Cautionary Note Concerning Factors That May Affect Future Results

 

This Current Report on Form 8-K contains “forward-looking statements” within the Private Securities Litigation Reform Act of 1995. Any statements contained in this report that are not statements of historical fact, including statements related to the expected timetable for completing the acquisition and Lydall’s plan for financing the acquisition, may be deemed to be forward-looking statements. All such forward-looking statements are intended to provide management’s current expectations for the future based on current expectations and assumptions relating to the Company’s business, the economy and other future conditions.
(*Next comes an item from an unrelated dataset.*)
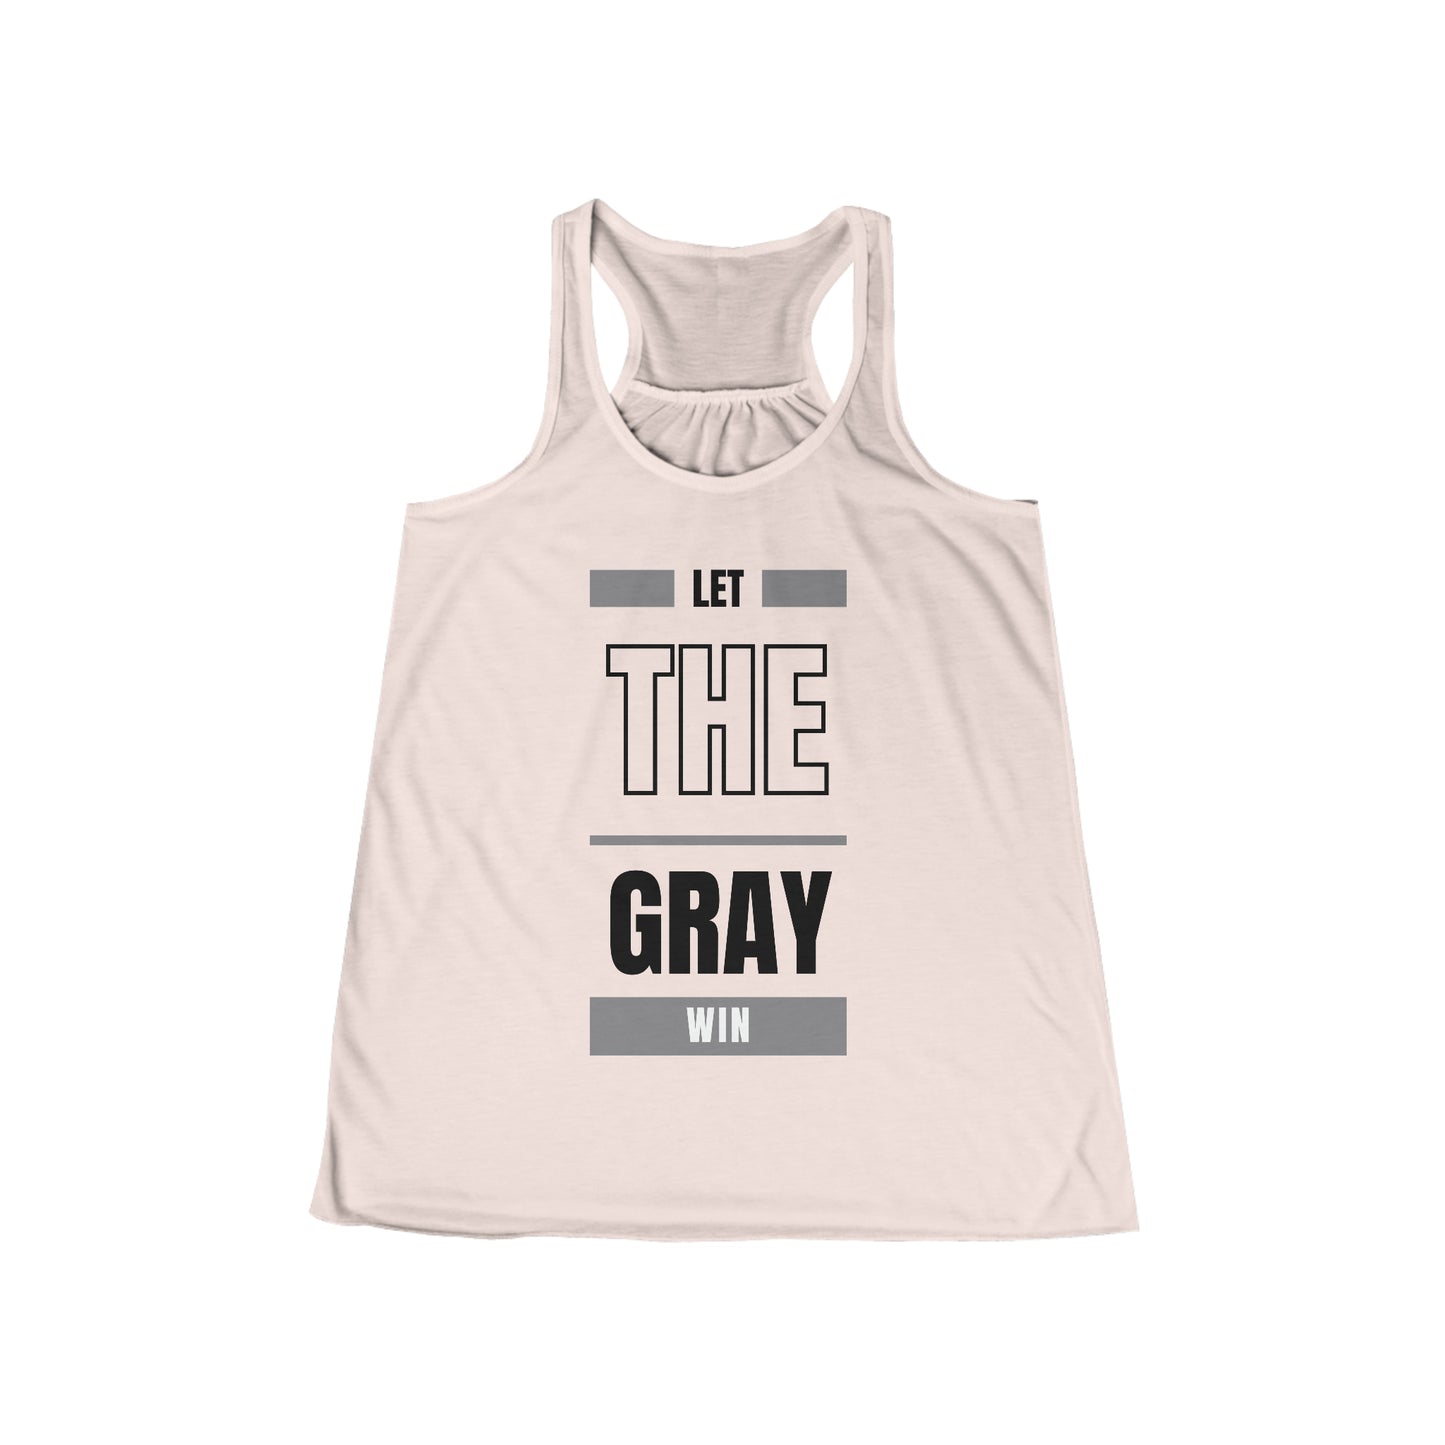 Let the Gray Win. Women's Flowy Racerback Tank

Forward-looking statements generally can be identified through the use of words such as “believes,” “anticipates,” “may,” “should,” “will,” “plans,” “projects,” “expects,” “expectations,” “estimates,” “forecasts,” “predicts,” “targets,” “prospects,” “strategy,” “signs,” and other words of similar meaning in connection with the discussions herein. Because forward-looking statements relate to the future, they are subject to inherent risks, uncertainties and changes in circumstances that are difficult to predict. Such risks and uncertainties include, among others, any delays in receiving merger control approval from Germany or in satisfying other closing conditions and disruptions in the global credit and financial markets, including diminished liquidity and credit availability, that could have a negative impact on the Company’s completion of the Acquisition. Accordingly, actual results may differ materially from those contemplated by these forward-looking statements. Investors, therefore, are cautioned against relying on any of these forward-looking statements. They are neither statements of historical fact nor guarantees or assurances of future performance. Additional information regarding factors that may cause actual results to differ materially from these forward-looking statements is available in Lydall’s filings with the Securities and Exchange Commission, including the risks and uncertainties identified in Part II, Item 1A - Risk Factors of Lydall’s Quarterly Report on Form 10-Q for the quarter ended September 30, 2016 and Part I, Item 1A - Risk Factors of Lydall’s Annual Report on Form 10-K for the year ended December 31, 2015.

 

These forward-looking statements speak only as of the date of this report, and Lydall does not assume any obligation to update or revise any forward-looking statement made in this report or that may from time to time be made by or on behalf of the Company.

 

 

 

SIGNATURE

 

Pursuant to the requirements of the Securities Exchange Act of 1934, the Registrant has duly caused this report to be signed on its behalf by the undersigned thereunto duly authorized.

 

        LYDALL, INC.
                 
November 30, 2016       By:   /s/ Chad A. McDaniel
               

Chad A. McDaniel

Senior Vice President, General Counsel and Chief Administrative Officer

 

 

 

 

 

 

EXHIBIT INDEX

 

Exhibit Number   Exhibit Description
     
99.1   Investor Presentation, dated November 30, 2016 (Furnished not filed; see Item 7.01).
99.2    Press Release, dated November 30, 2016 (Furnished not filed; see Item 7.01).